Walking became my daily meditation through movement. I wanted to commune with the natural world and connect with the spirit of the temples. After several months of an active and fiery yang existence integration and balance beckoned.
The watery boundaries of the convergent rivers cradled me as I sat with whatever needed to arise.
What I was reminded of, amidst the Buddhist iconography, bodhi tree paintings, glittering temple tops, and novice monks whose boyish mannerisms belied the authority of their amber robes, is “real” life seeps into monastic life. They are not separate, the mundane and spiritual, yet so often we try to separate and compartmentalize what is meant to be lived holistically, not within our institutions, office spaces and schools, but within ourselves.
As I walked from temple to temple, I encountered mobile phone conversations and candy consumption interspersed with devotion and prayer. Many of the young monks were there to further their education so they could attend university or enter the workforce, an opportunity otherwise lost in their local village. This was not necessarily a forever life path, but for now path.
One studious seventeen-year-old called me over to practice his English. Several books adorned the rickety outdoor table where he was seated. I asked what his favorite book was. With a widespread grin and without hesitation he replied, “Rich Dad, Poor Dad.” He followed up with, “And I like Jack Ma, the creator of Alibaba.” He wanted to study economics.
An equally widespread grin crept across my face.

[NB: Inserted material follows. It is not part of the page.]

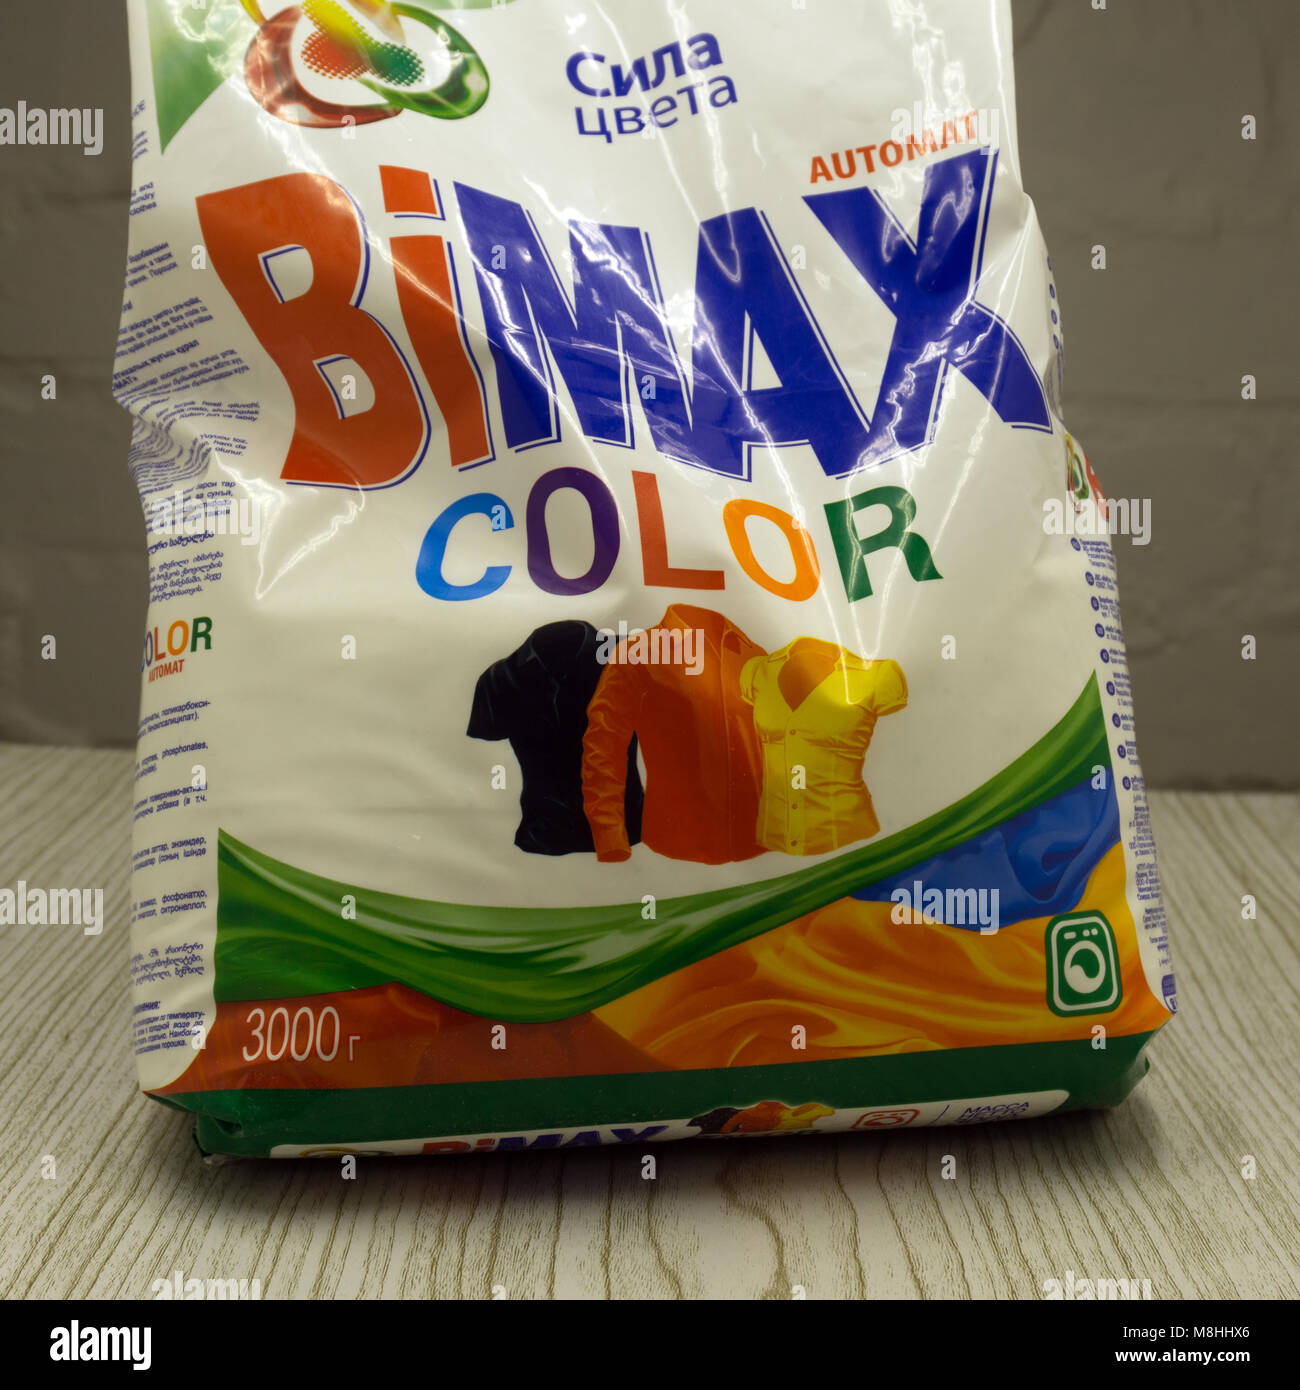 Bimax ist die Macht der Farbe, automatische auf Weiß. Diese Marke von Waschpulver das Original - Russland Berezniki vom 28. Januar 2017 gemacht hat. Stockfoto

Where we feel bereft, we frequently seek what we perceive the other to have, spiritually, financially or otherwise. At times, it feels as if this is the greatest paradox, this inversion of needs. Except it isn’t; it is based on each individual’s lived experience, and there is nothing inherently dualistic about this.
I was privileged to be exposed to the world at a young age, obtain a university education and, subsequently, nestle into places that cultivated quiet contemplation and deeper connection to spirit.
His lack of privilege led him to monastic life at a young age, where he would learn all he could to gain access to higher education and achieve a level of financial sustainability he would not have had access to in his village.
He wanted what I had; I wanted what he had. Neither was the golden egg the other imagined it to be, and like most things, the truth somewhere in the middle.
I spent the rest of my days walking from monastery to monastery in relative solitude. We travel to these places so that we may return home to these places within ourselves. And our teachers come in many forms, even teenage monks aspiring to be businessmen.